Should CEO Succession be a Black AND White Issue?

It was notable that as Sasol’s outgoing CEO David Constable wound up his latest results presentation, the last slide referred to succession.

He must be a­­­­­­ hard worker, because his top job is to be taken over not by one man, but by two.  The incoming joint-CEOs Bongani Nqwababa (who is black) and Stephen Cornell (who is not black) were there to bid farewell to the man with two jobs as they prepare for one each.

In a phrase which belongs more in an employment contract than in a media briefing, Constable said his twin successors would be jointly and severally accountable.   Whatever that means.

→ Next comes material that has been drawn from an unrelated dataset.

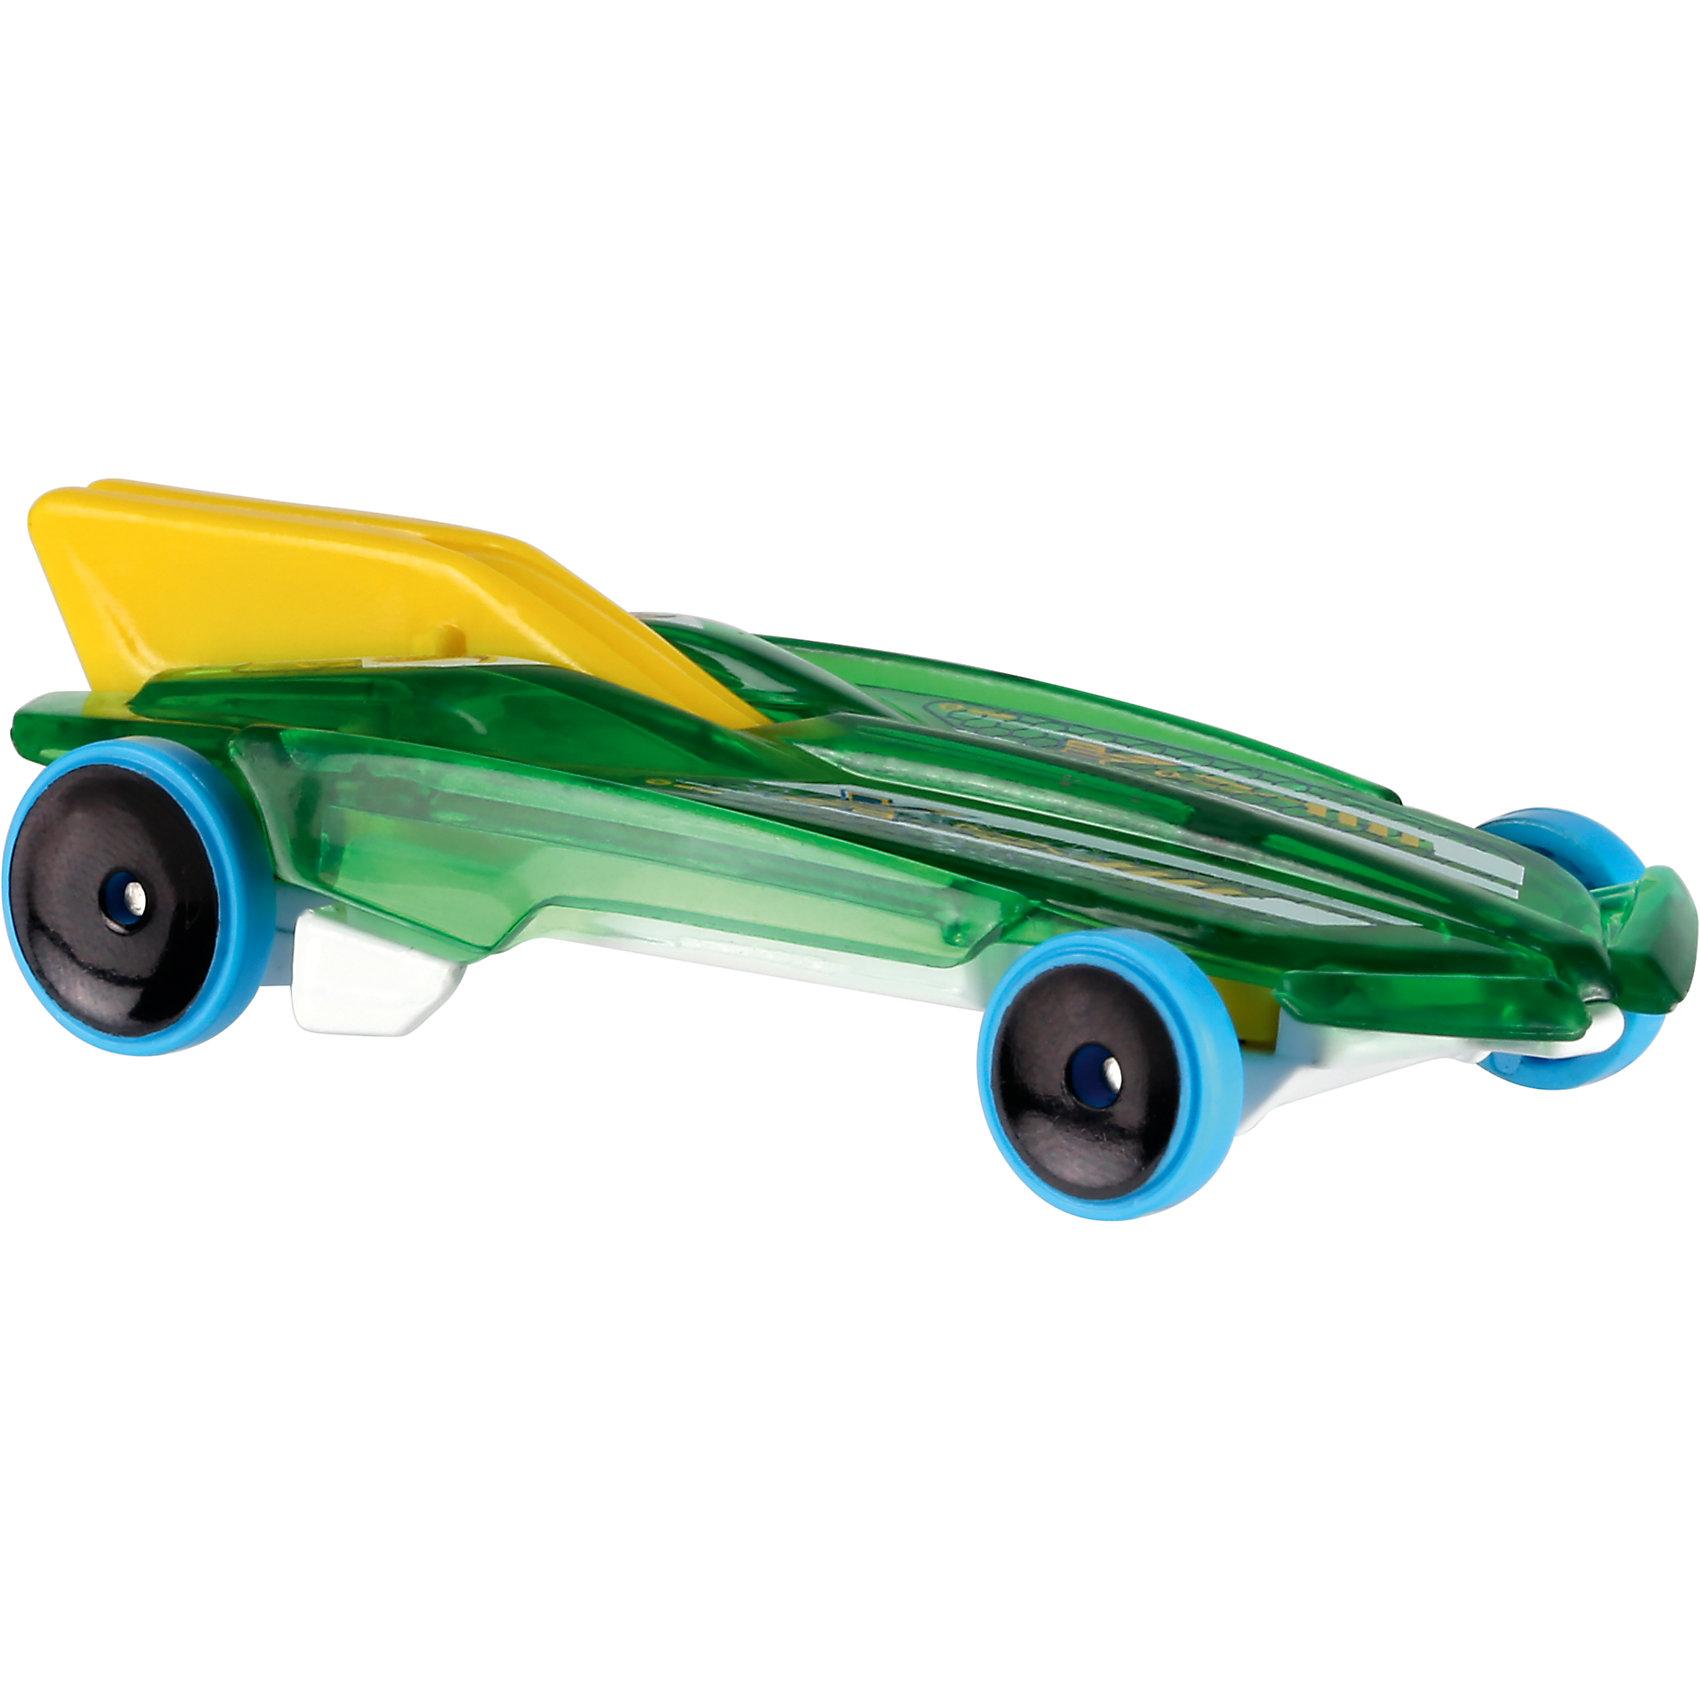 Базовая машинка Hot Wheels, HW Formula SolarПопулярные игрушки<br><br><br>Ширина мм: 110<br>Глубина мм: 45<br>Высота мм: 110<br>Вес г: 30<br>Возраст от месяцев: 36<br>Возраст до месяцев: 96<br>Пол: Мужской<br>Возраст: Детский<br>SKU: 7111105

Now it is about time that Sasol had a black CEO, partly because this is a new South Africa, and partly because it has had a stormy relationship with government – and black CEOs are perceived to be better at oiling the wheels in Pretoria than we pale-faces.

But why does any black CEO need an equal-in-status side-kick/partner-in-crime?   Don’t get me wrong.  There is no suggestion that either new Sasol boss will be first among equals, or that Bongani is not up to the job and needs a bit of hand-holding.

But this is South Africa, where racists lurk behind every bush and perceptions can sometimes be more important than reality.

There is a similar relationship up the Rosebank hill from Sasol HQ – at Standard Bank, where again there is a joint-CEO structure with (black) Sim Tshabalala being in charge alongside (white) Ben Kruger.

Now Sim has undoubted qualities – which help to explain his leading position in the current dialogue between the business community and President Zuma.

But might he not command even more respect if he were doing the CEO job all on his own?

Certainly, any company which has two equal-in-status, of-any-colour, joint-CEOs will be faced with a higher executive wage bill, as neither would wish to be seen to be paid any less than their predecessor or their boardroom equal.   And maybe there is indeed twice the value for twice the money?

However, returning to the issue of perceptions, and without any suggestion that either black joint-CEO is in any way under-qualified, it might have been better if these two giants of the business community, Sasol and Standard, had taken a slightly bolder step and had just appointed a stand-alone black CEO.

It would have saved a few rand, and given the racists less ammunition for their vile theories.